[What you are asked to do]
Your task is to transcribe all of the data below exactly, omitting the images.

Listed records below:

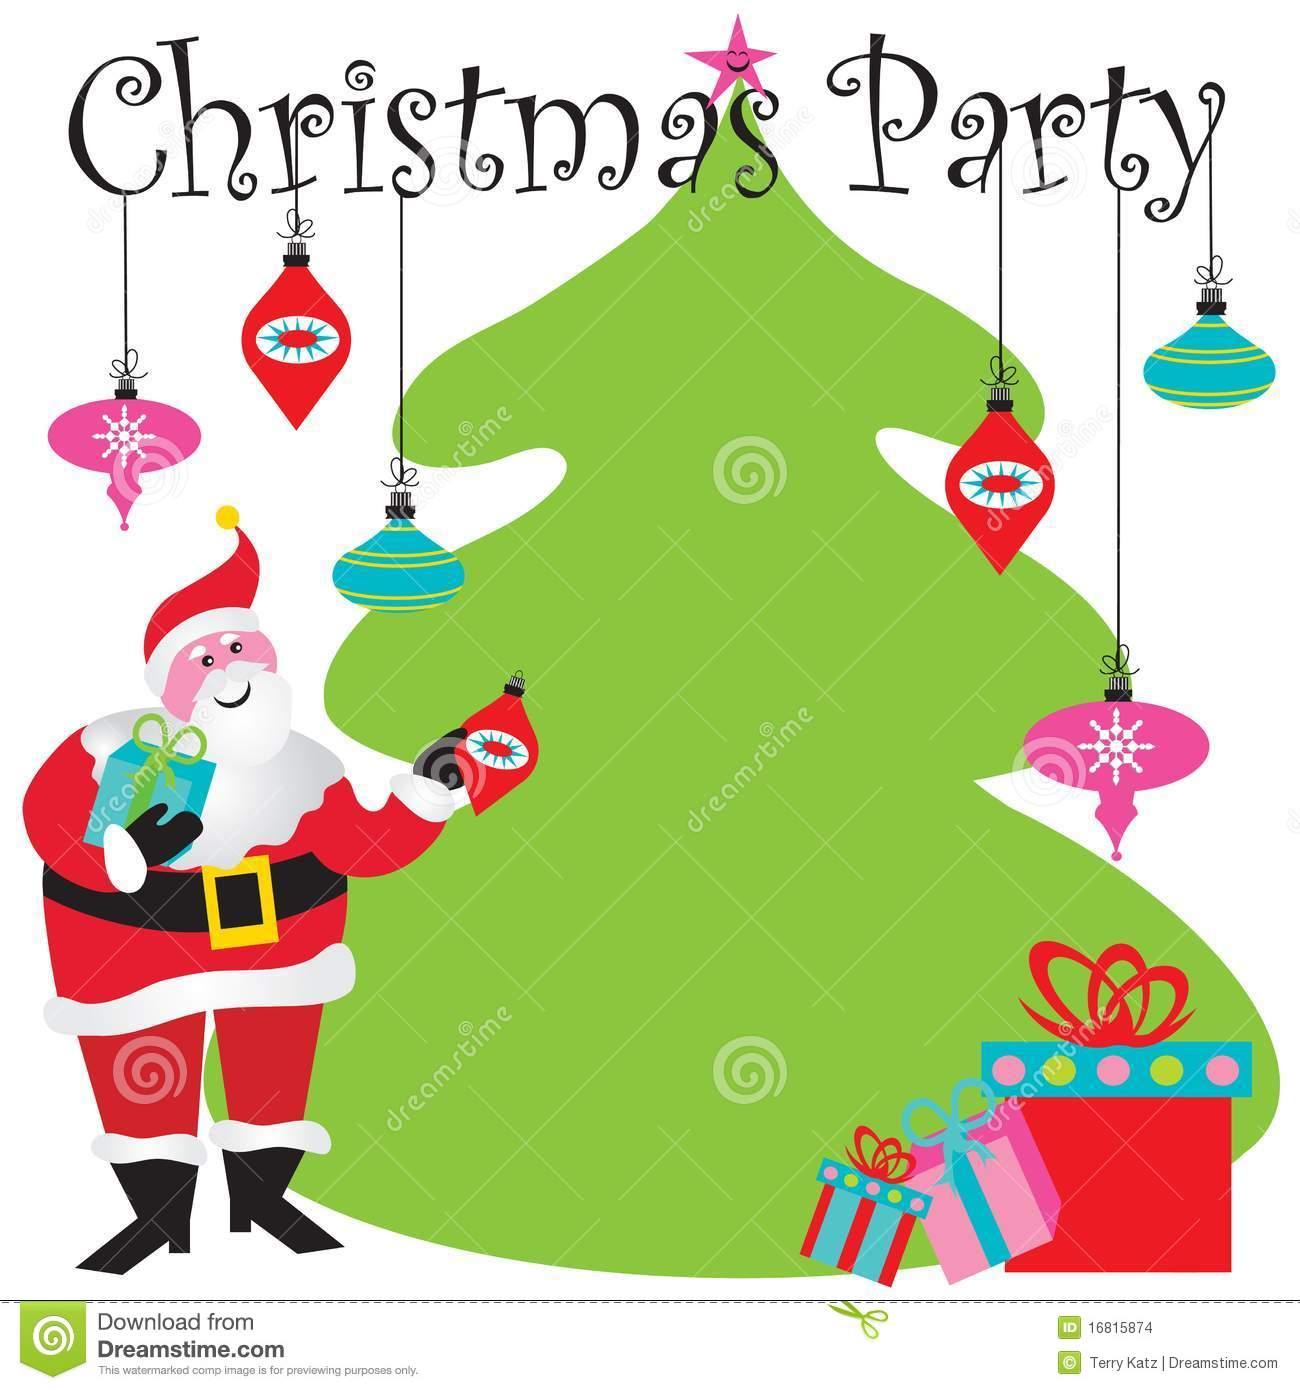 Christmas Party Invite
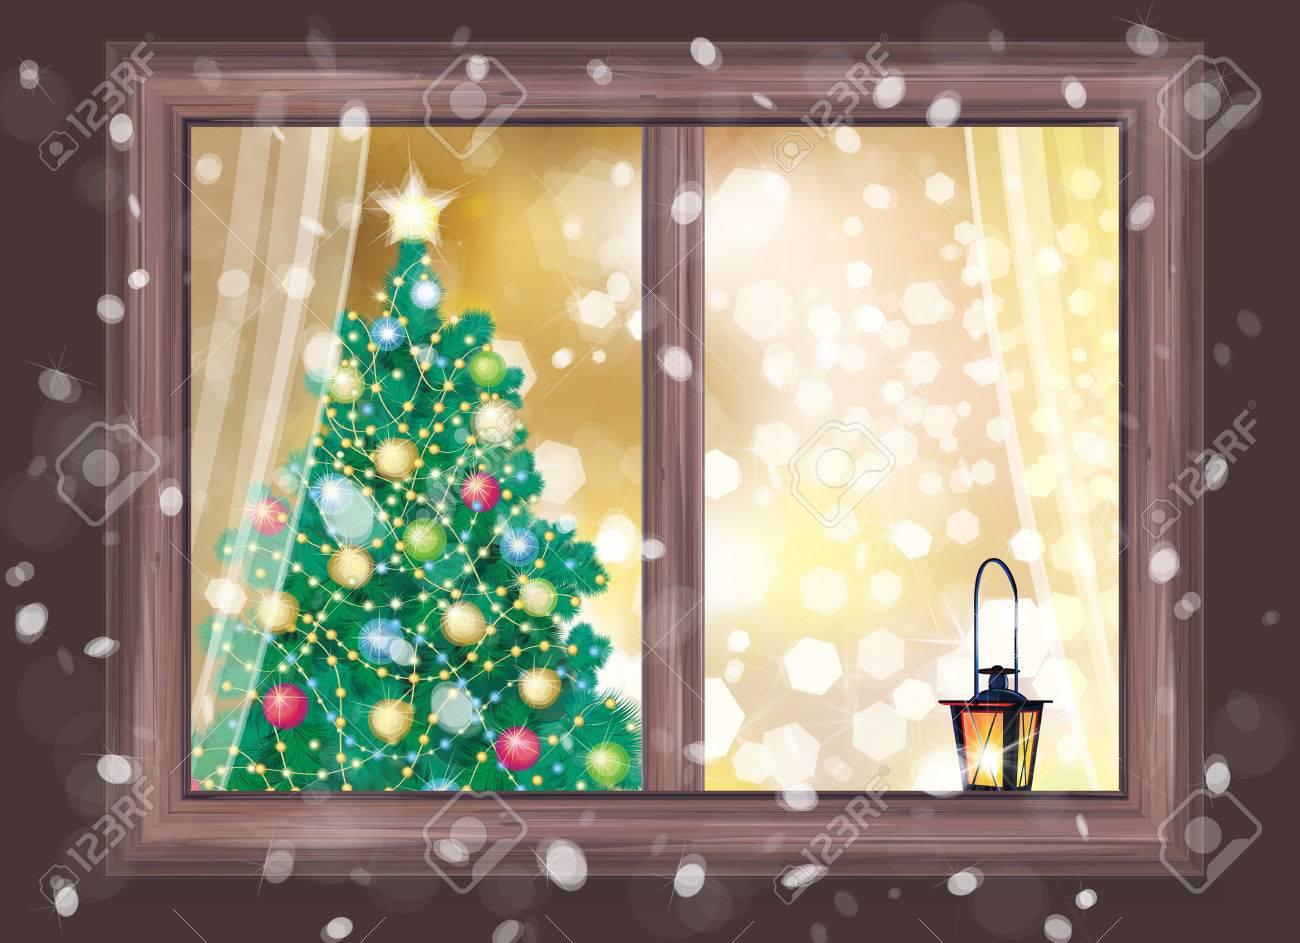 Vector winter night scene of window with Christmas tree and lantern..
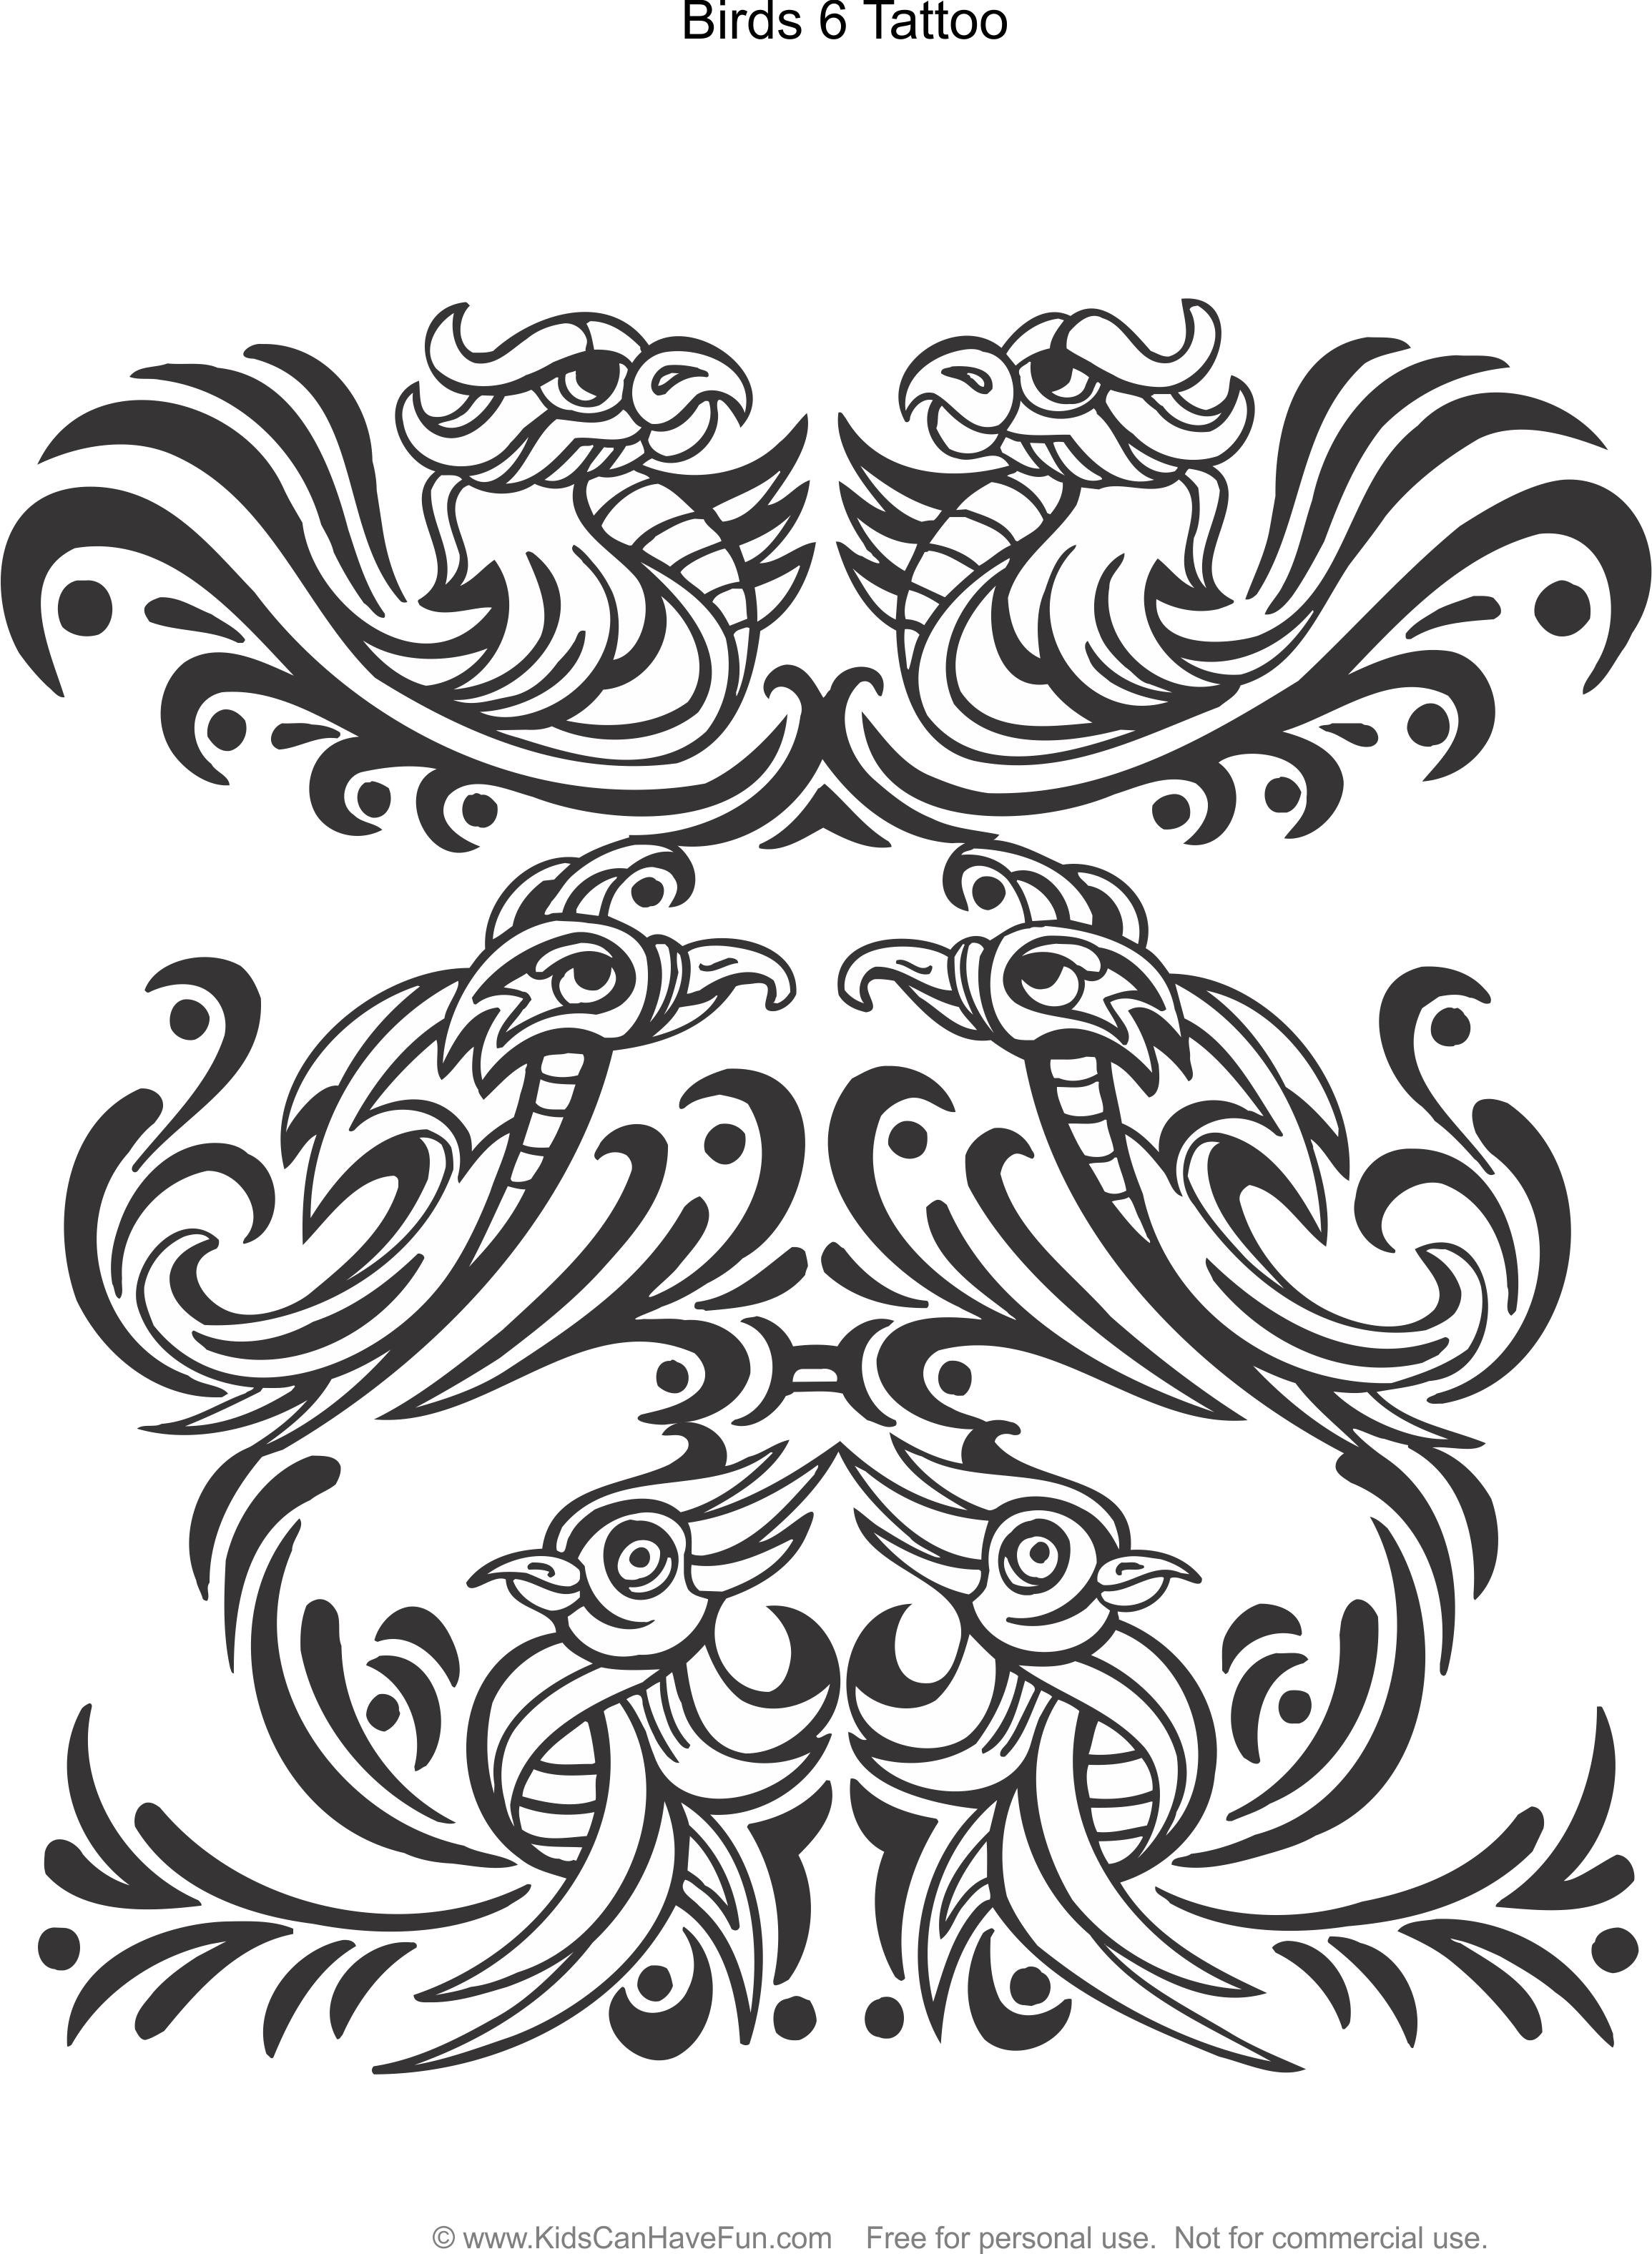 Birds 6 Tattoo Design Coloring Page Kidscanhavefun
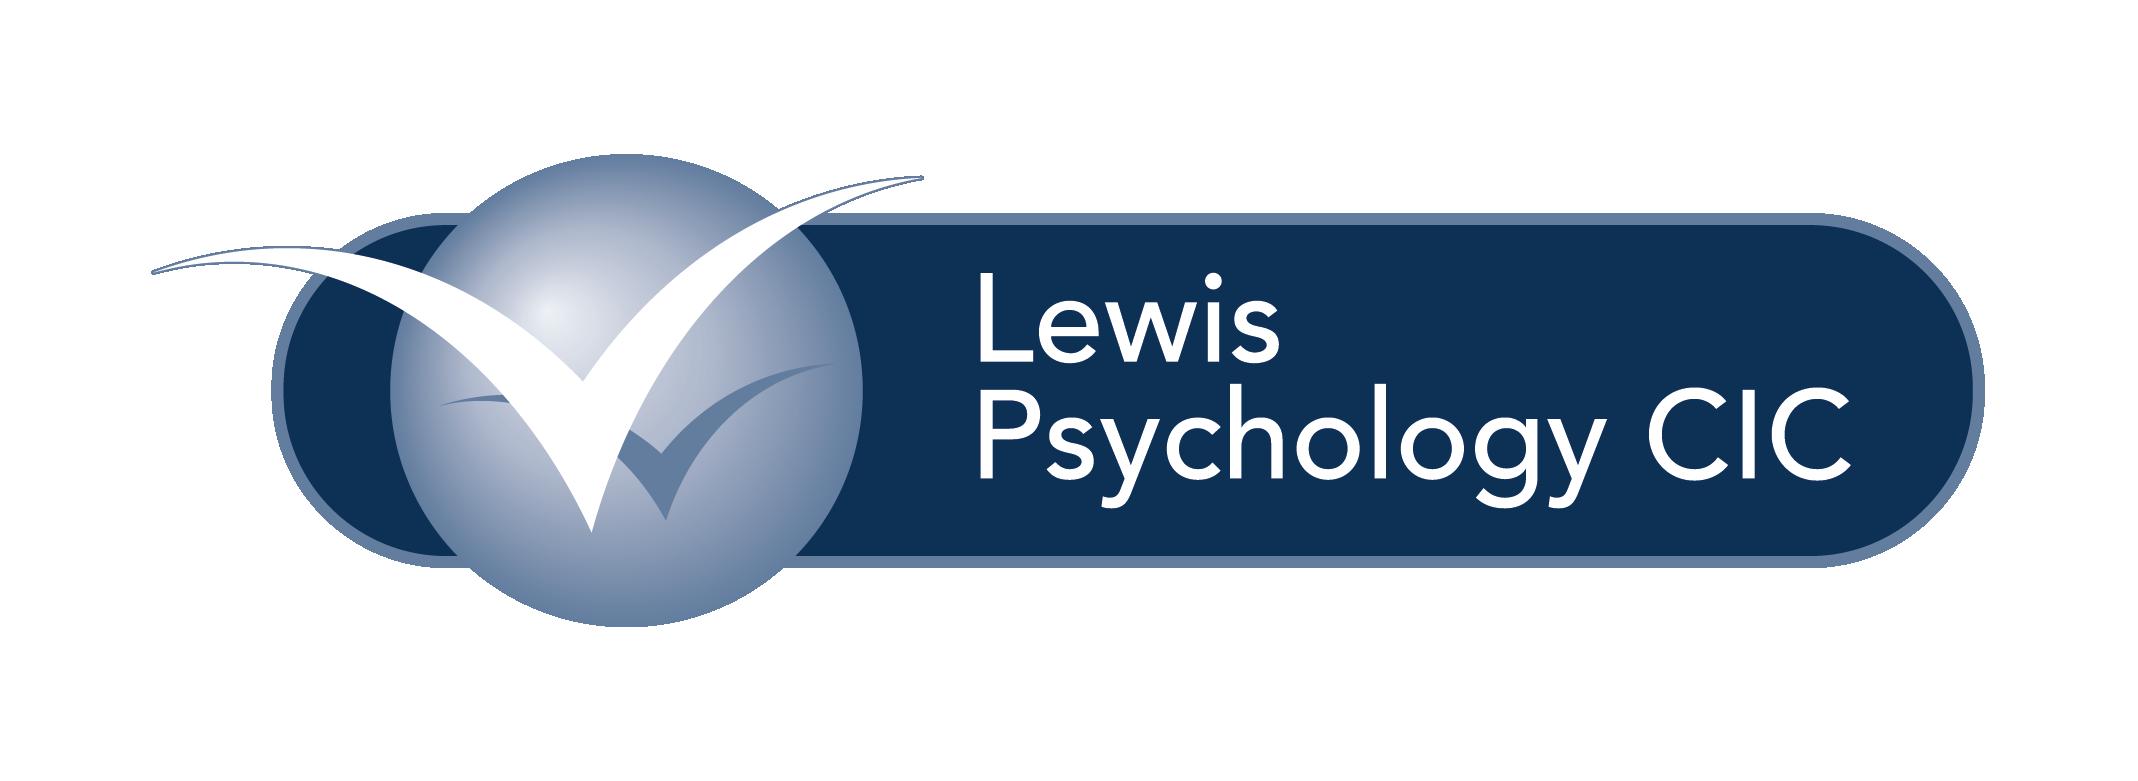 Lewis Psychology CIC
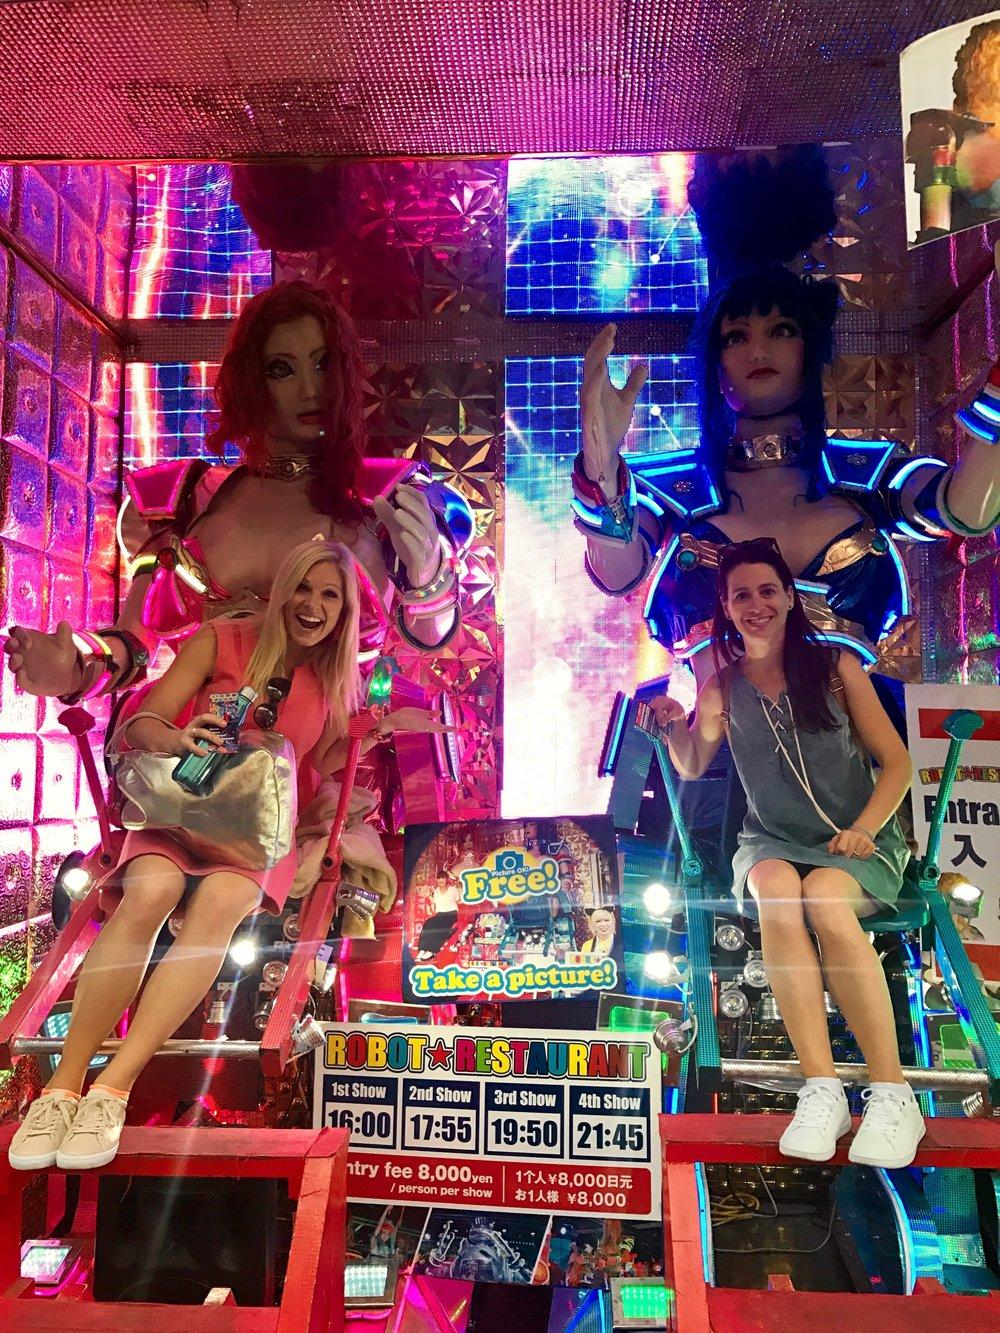 beijing seoul tokyo anna kooiman fitness travel lifestyle fashion asia adventure  robot show cabaret

End of Listed records.

[Exercise solution]
 Christmas Party Invite
 Vector winter night scene of window with Christmas tree and lantern..
 Birds 6 Tattoo Design Coloring Page Kidscanhavefun
 Lewis Psychology CIC
 beijing seoul tokyo anna kooiman fitness travel lifestyle fashion asia adventure  robot show cabaret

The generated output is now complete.